Hansbrough made a controversial defensive stop in the final seconds as top-ranked North Carolina beat the Hokies 79-76 in the Atlantic Coast Conference Tournament. But even before Tech coach Seth Greenberg could begin complaining about preferential treatment by the officials (although he did throw his coat), Hansbrough was running off the court. Confusion ensued.

After A.D. Vassallo missed a 3-pointer that would have forced overtime, Hansbrough sprinted toward the tunnel near the North Carolina bench.

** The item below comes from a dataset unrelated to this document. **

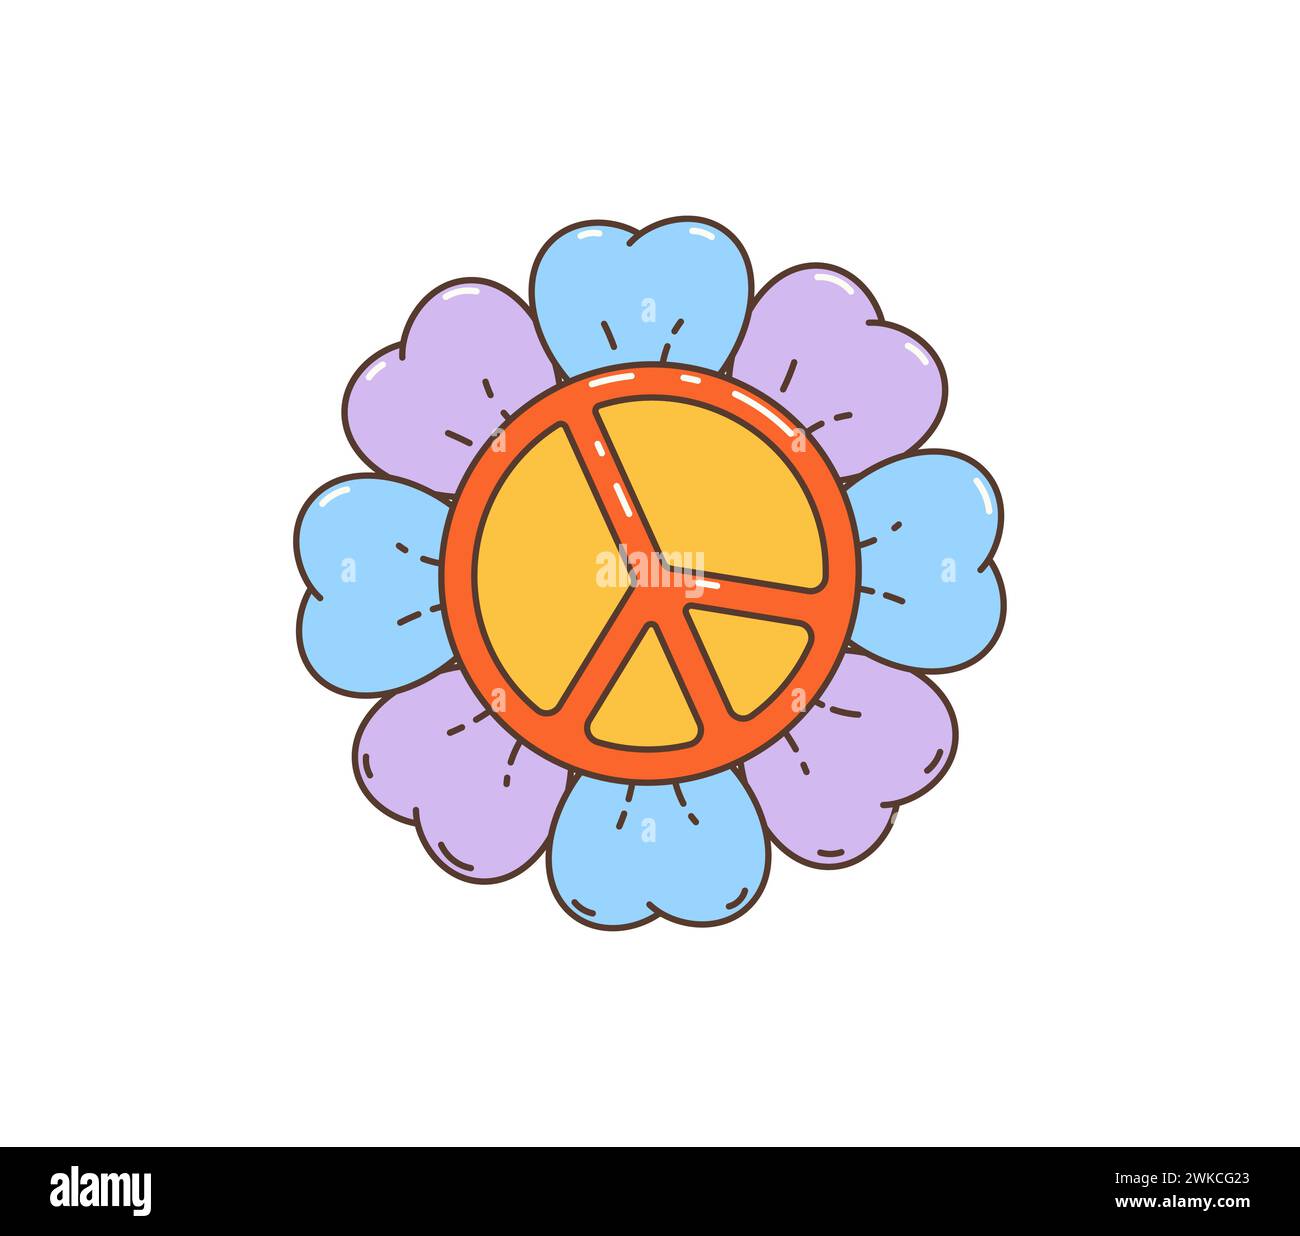 Simbolo di pace hippie retrò Cartoon. Il vivace e variopinto fiore psichedelico vettoriale isolato con emblema della pace racchiude l'essenza della cultura hippie degli anni '60 e '70 e del movimento pacifista Illustrazione Vettoriale

He ran into a group of cheerleaders, who steered him toward the proper Georgia Dome exit. "Yeah, everybody's laughing about that," Hansbrough said. "I knew it was the wrong tunnel, but I came back out, I saw some friends in the front row laughing about it. Everybody (on the team) was pointing and laughing. I said, 'OK, whatever.'"

Greenberg was less jovial when perusing the stats. Virginia Tech was called for 20 fouls, North Carolina 14. The Hokies never reached the bonus during the second half.

"I guess we foul and they don't," Greenberg said sarcastically.

NCAA Tournament not yours, VT.

Your ACC Tournament lineup: Wake Forest is playing Maryland now, teddy-bear lovable Duke takes on Boston College after that. UNC vs. Florida State tomorrow in the first semifinal. Duke-Maryland in the other semi? Get out your Scheyer big heads!